Catania- “Eravamo impressionati per quanto accadeva in laboratorio. Spesso eravamo preoccupati e ci rifiutavamo di entrare a lavorare”. E’ la testimonianza resa da Fabio Leone, dipendente del Dipartimento di Scienze Farmaceutiche. Il tecnico, addetto allo smaltimento e allo stoccaggio dei rifiuti di laboratorio nel plesso dell’edificio 2 della Cittadella, ha deposto al processo per disastro ambientale e discarica illecita di rifiuti nel laboratorio del plesso universitario. Agli atti delle indagini preliminari c’è il verbale dell’interrogatorio reso anni fa proprio da Leone e riletto durante la deposizione. “Mi è stato riferito da alcuni colleghi- vi si legge- che, quando abbiamo fatto i lavori, la terra intorno al laboratorio era maleodorante”. Ma Leone si era spinto anche oltre: “Abbiamo notato- aveva dichiarato in quell’occasione- cumuli di liquami maleodoranti. Non furono rimossi, ma ricoperti di cemento”. Meno nette le dichiarazioni di oggi, spesso segnate da discrepanze con quelle messe a verbale. “Ho visto lo sbancamento- spiega ora- ma non so dire se si fosse trattato di materiale tossico”.

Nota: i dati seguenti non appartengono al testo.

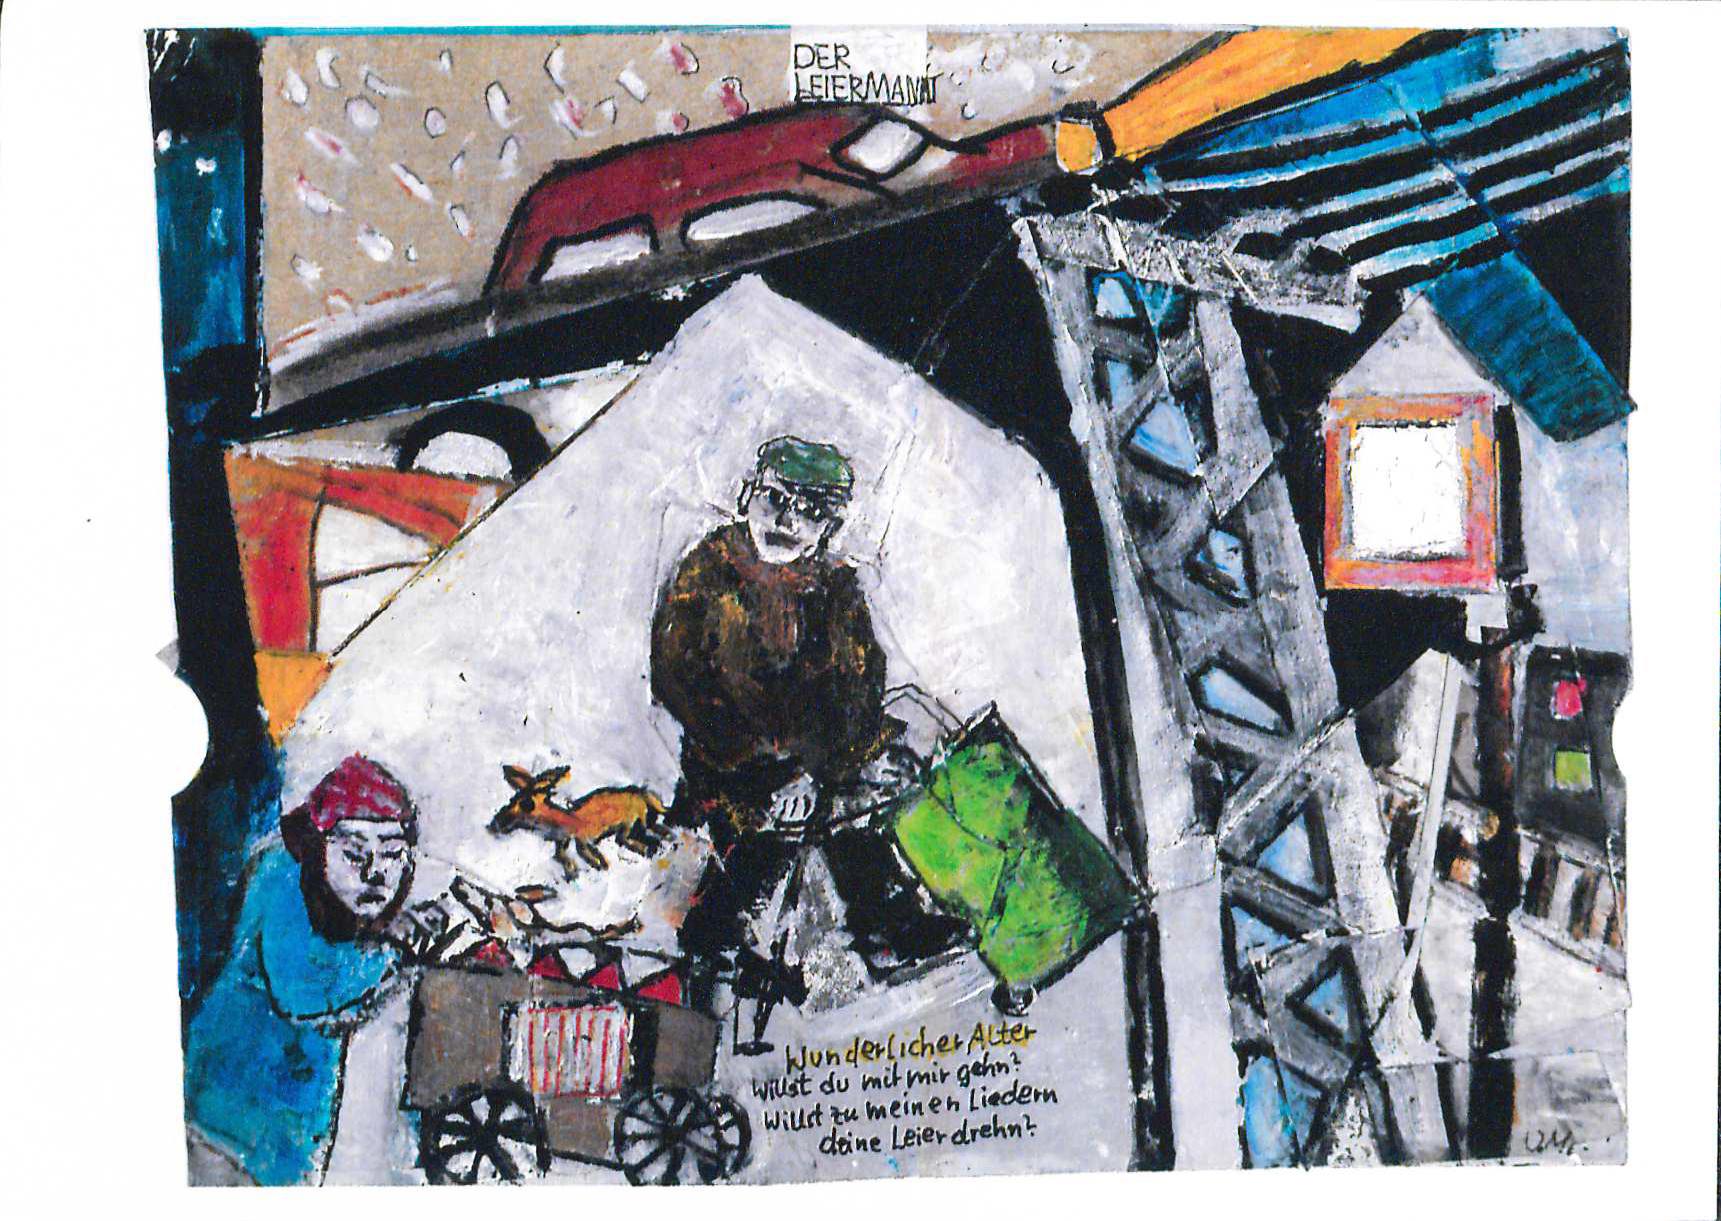 Metsk_Winterreise-24-Der-Leiermann.jpg

Fabio Leone è uno degli ultimi testimoni citati per la fase istruttoria dal Pm Lucio Setola. Obiettivo: provare lo stato di inquinamento ambientale dei locali della Cittadella che ospitano il laboratorio del Dipartimento, presunta causa della contaminazione dell’aria e della terra circostanti. E’ in questo scenario che, secondo la pubblica accusa, sarebbero maturate le decine di morti per patologie tumorali registratesi negli ultimi anni tra gli studenti e i lavoratori del plesso universitario. A cominciare da quella di Emanuele Patanè, giovane ricercatore del Dipartimento deceduto nel 2008, il cui memoriale ha dato il via alle indagini su denuncia dei familiari. Alla sbarra ci sono otto persone: Giuseppe Ronsisvalle, preside della Facoltà di Farmacia, l’ex direttore amministrativo dell’Ateneo Antonino Domina, Lucio Mannino, dirigente dell’ufficio tecnico, e cinque membri della commissione di sicurezza. Si tratta di FrancoVittorio, Giovanni Puglisi, Fulvio La Pergola, Francesco Paolo Bonina e Marcello Bellia.
A sfilare dinanzi alla terza sezione presieduta dal giudice, Ignazia Barbarino, anche l’ex contrattista di ricerca Manuela Liotta e Carla Gennaro, ex studentessa costituitasi parte civile. La Liotta è stata in forze al Dipartimento tra il 1997 e il 2006. Attiva presso la cattedra di Francesco Paolo Bonina, uno dei docenti imputati, ha riconosciuto l’impegno del professore quale membro della commissione di sicurezza, ma senza nascondere i problemi: “Bonina si è occupato del problema ‘puzza’- ha detto riferendosi ai fastidi alle vie respiratorie denunciati dagli utenti del Dipartimento- Ma una volta dovette mandarci a casa, credo nel dubbio e per evitare problemi”. Riscontri analoghi sono venuti dalla deposizione della parte civile, l’ex studentessa Carla Gennaro: “I reflui degli esperimenti- ha ricordato- eravamo abituati a versarli nei lavandini. Solo con la gestione di Franco Vittorio cominciammo ad usare i regolari contenitori”. Una deposizione lunga e piena di particolari, quella della Gennaro, anche in riferimento a circostanze riguardanti il padre, il funzionario tecnico Giovanni Gennaro: “Mio padre- ha dichiarato- fu dirottato quindici anni fa dai vertici del Dipartimento in una stanza dove c’era la risonanza magnetica e dove era pericoloso stare a causa delle radiazioni”. Ma anche in questa deposizione molte risposte sui particolari già raccontati ai Pm sono venute meno. “E’ passato molto tempo, non ricordo” ha più volte ripetuto la Gennaro all’incalzare del controesame dei difensori. Il processo continuerà a gennaio, quando la pubblica accusa chiamerà a deporre gli ultimi sei testi. Poi sarà la volta delle parti civili, rappresentate da Santi Terranova, l’avvocato di Lentini esperto di reati ambientali. La parola tornerà alle parti per la discussione entro primavera.